The U.N. Convention on the Law of the Sea came into force in 1994, before marine biodiversity was a well-established concept. An updated framework to protect marine life in the regions outside national boundary waters, known as the high seas, had been in discussions for over 20 years. Still, previous efforts to reach an agreement had repeatedly stalled. Finally, the unified agreement treaty was reached late Saturday.

The treaty will create a new body to manage the conservation of ocean life and establish marine protected areas on the high seas – And is critical to achieving the U.N. Biodiversity Conference’s recent pledge to save 30% of the planet’s waters and land for conservation.

The treaty also establishes ground rules for conducting environmental impact assessments for commercial ocean activities. Meaning all activities planned for the high seas need to be assessed in some form.

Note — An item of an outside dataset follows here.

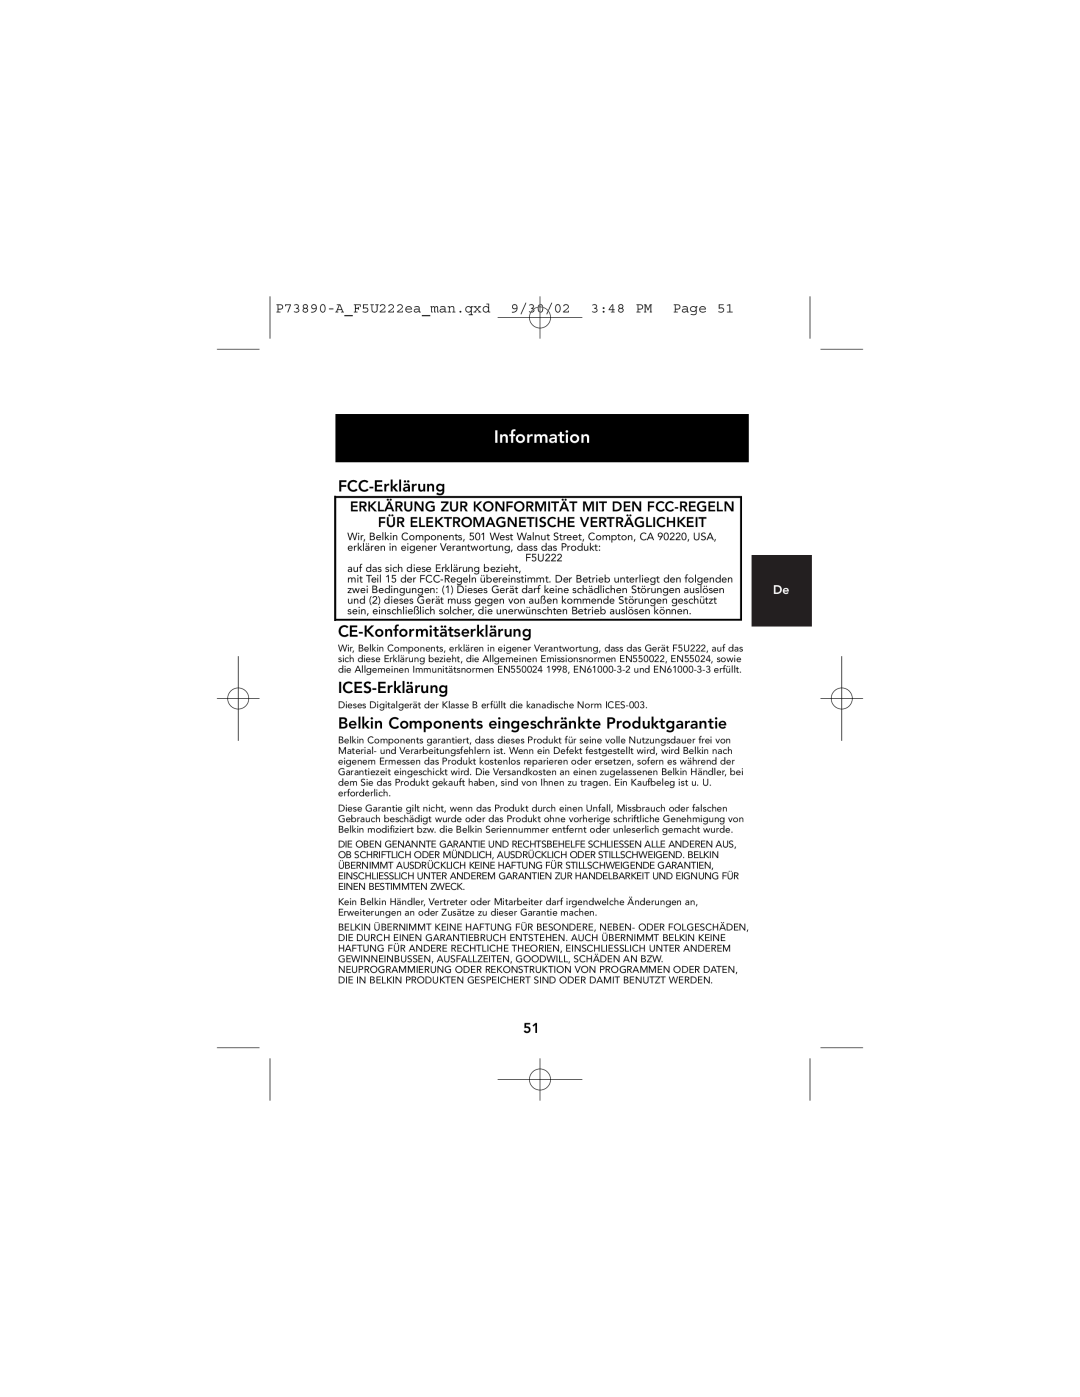 Belkin P73890EA-A manual FCC-Erklärung, CE-Konformitätserklärung, ICES-Erklärung, Information

Many marine species – including dolphins, whales, sea turtles, and fish – make long annual migrations, crossing national borders and the high seas. However, efforts to protect them – and human communities that rely on fishing or tourism related to marine life – have previously been hampered by a confusing patchwork of laws. This treaty will also help to knit together the different regional treaties to address threats and concerns across species’ ranges.

That protection also helps coastal biodiversity and economies. Governments have taken an important step that strengthens the legal protection of two-thirds of the ocean and with it marine biodiversity and the livelihoods of coastal communities.

The question now is how well the ambitious treaty will be implemented.

The high seas have long suffered exploitation due to commercial fishing, mining, and pollution from chemicals and plastics. The new agreement is about acknowledging that the ocean is not a limitless resource, and it requires global cooperation to use the ocean sustainably.

What’s high seas?
The high seas begin at the border of countries’ exclusive economic zones, which extend up to 200 nautical miles (370 kilometres) from coastlines. They thus fall under the jurisdiction of no country. Even though the high seas comprise more than 60% of the world’s oceans and nearly half the planet’s surface, they have long drawn far less attention than coastal waters and a few iconic species. Only about one percent of the high seas are currently protected. When the new treaty comes into force, it will allow the creation of marine protected areas in these international waters.

At Priavo Security we are as passionate about protecting our environment as we are about keeping people safe. The sea plays a big part in our CEO, Pete Murphy’s life, as a proud former member of the Special Boat Service, and our maritime teams have personally witnessed the damage, destruction and pollution of the world’s oceans. A few years ago we partnered with the Nekton Foundation – an organisation dedicated to marine conservation, and have been supporting them on their conservation missions ensuring their scientists remain safe at sea.